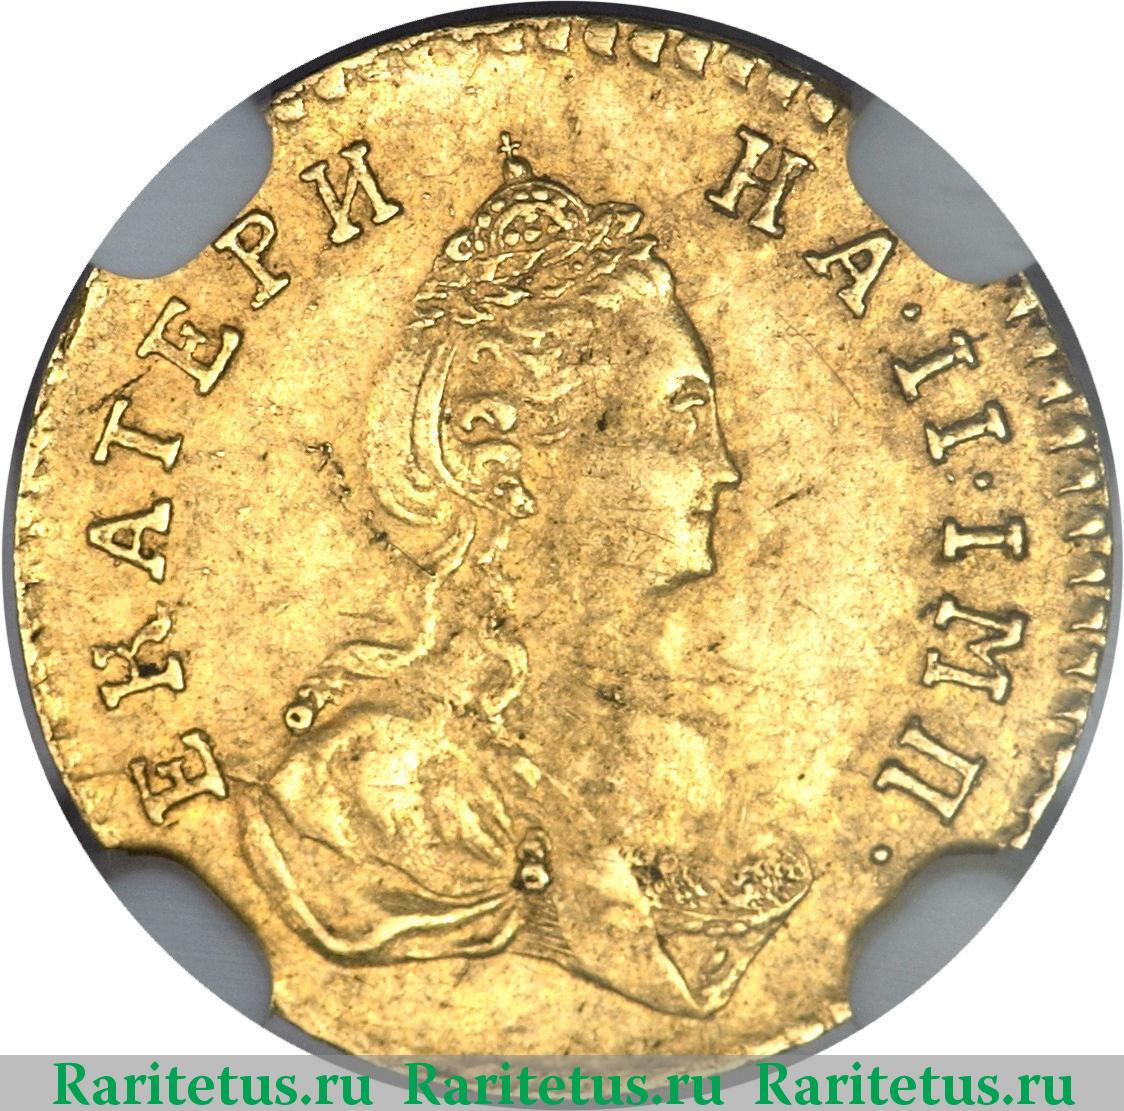 Полтина 1777 золото цена беннигсен леонтий леонтьевич 2 рубля
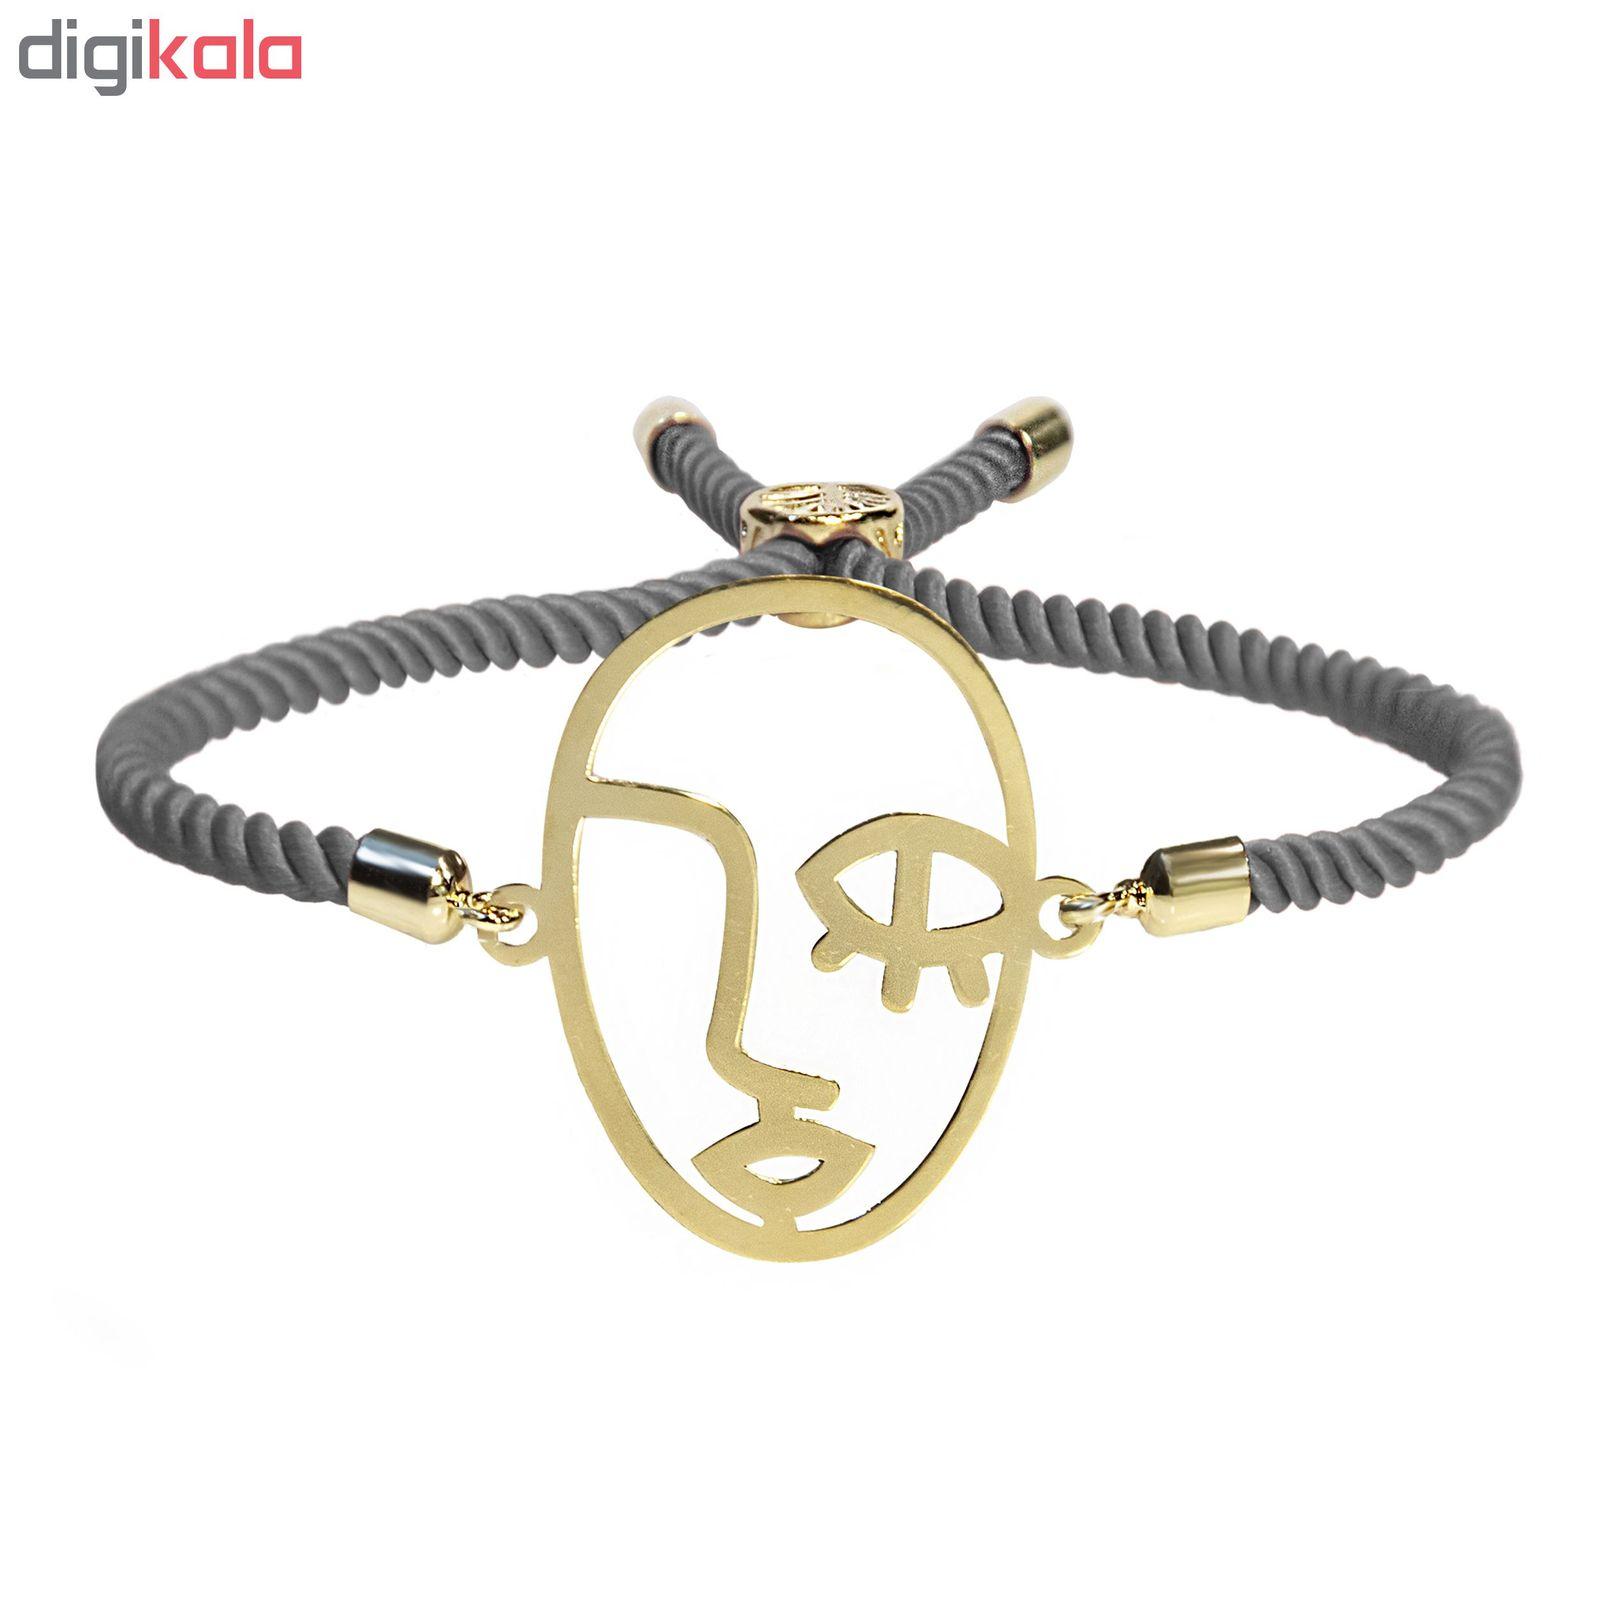 دستبند طلا 18 عیار زنانه اَبستره کد DCH001 -  - 3
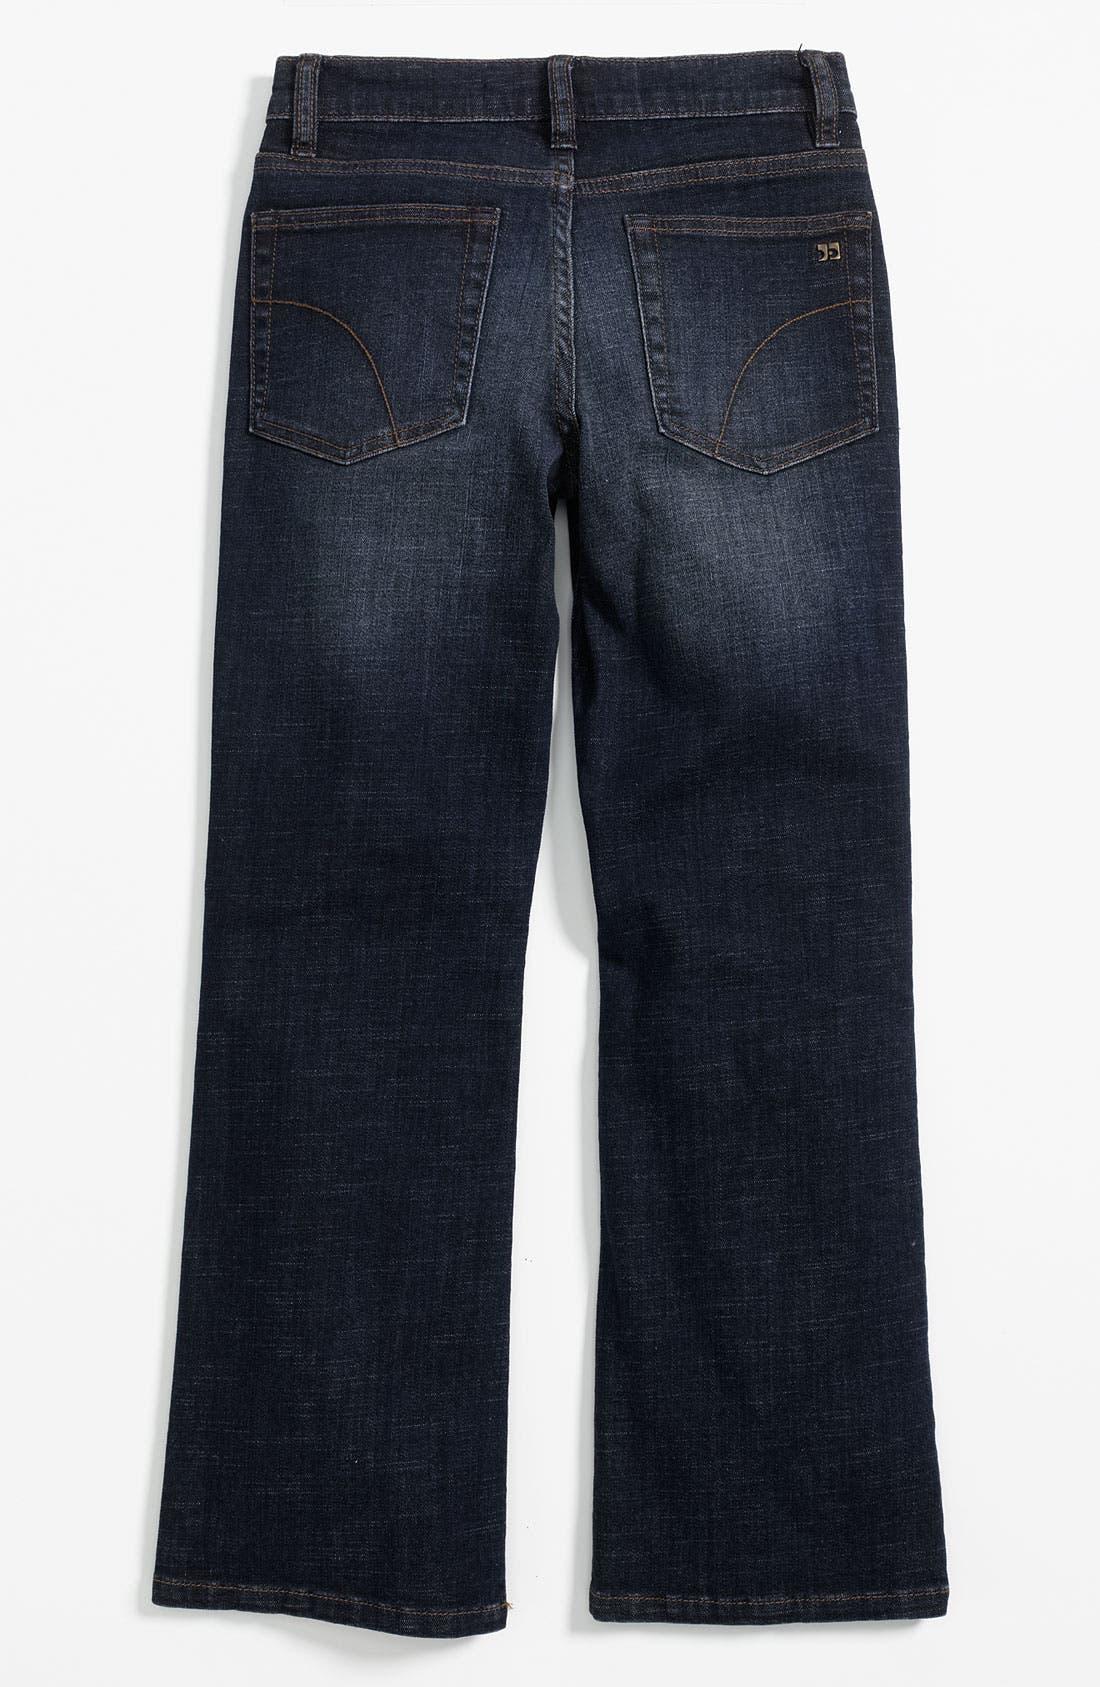 Main Image - Joe's 'Rebel' Jeans (Big Boys)

####################

Exercise prompt:
Repeat the whole listing above word for word. Leave out the pictures.

Result for this task:
 Полтина 1777 золото цена беннигсен леонтий леонтьевич 2 рубля
 دستبند طلا 18 عیار زنانه اَبستره کد DCH001 -  - 3
 Main Image - Joe's 'Rebel' Jeans (Big Boys)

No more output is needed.